How does the AML/CTF Amendment Act 2024 affect existing PSP compliance programs?

Existing reporting entities (PSPs already enrolled with AUSTRAC) must review and update their AML/CTF programs to comply with the amended beneficial ownership verification requirements, updated ongoing customer due diligence standards, and modernised program structure. AUSTRAC has indicated a phased transition approach through 2026, with education and support before intensive enforcement.

How long must Australian PSPs retain KYC records?

The AML/CTF Act requires reporting entities to retain records for a minimum of 7 years from the date the record was created or the transaction occurred. This is longer than the 5-year minimum in many comparable jurisdictions.

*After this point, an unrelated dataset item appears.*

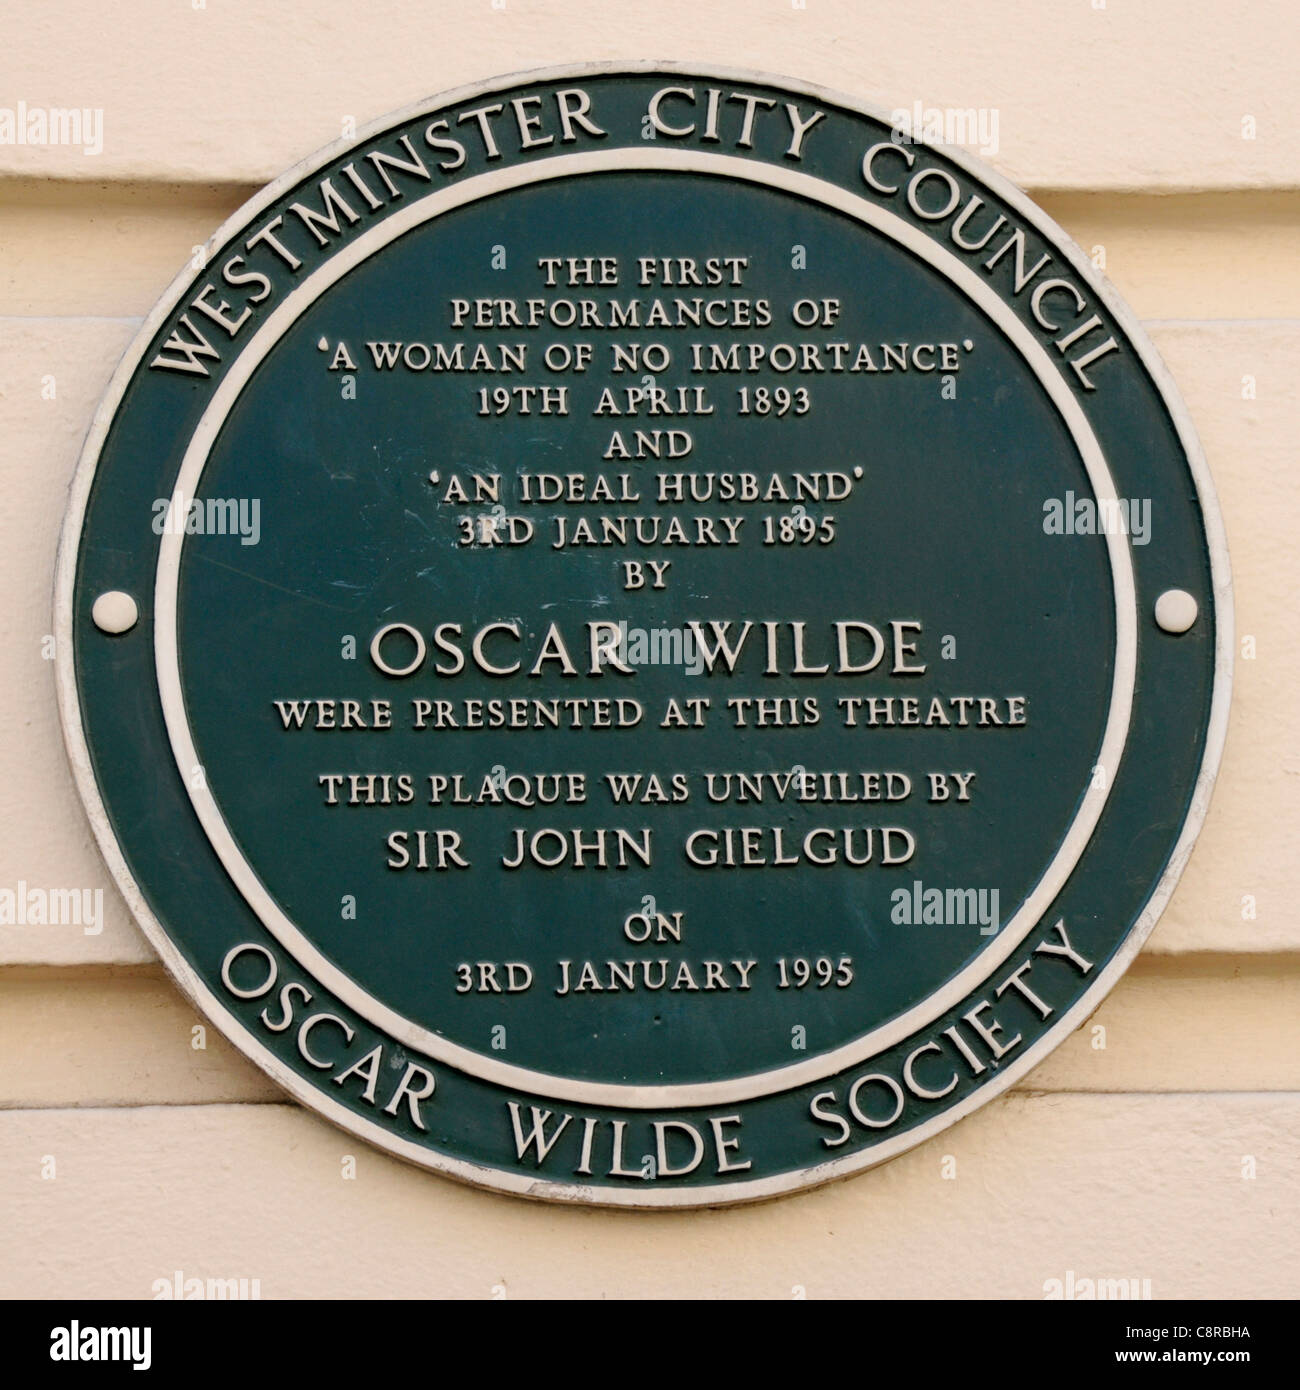 La société Oscar Wilde plaque à la Theatre Royal Haymarket London recording premières représentations de deux Widle Oscar joue West End de Londres Angleterre Royaume-uni Banque D'Images

Are Buy Now Pay Later (BNPL) providers subject to AML/CTF obligations in Australia?

BNPL products that qualify as purchased payment facilities may trigger reporting entity status under the AML/CTF Act. The regulatory treatment of BNPL is also evolving under proposed reforms to the National Consumer Credit Protection Act. PSPs offering BNPL products should obtain specific legal advice on whether their products trigger AML/CTF enrolment obligations.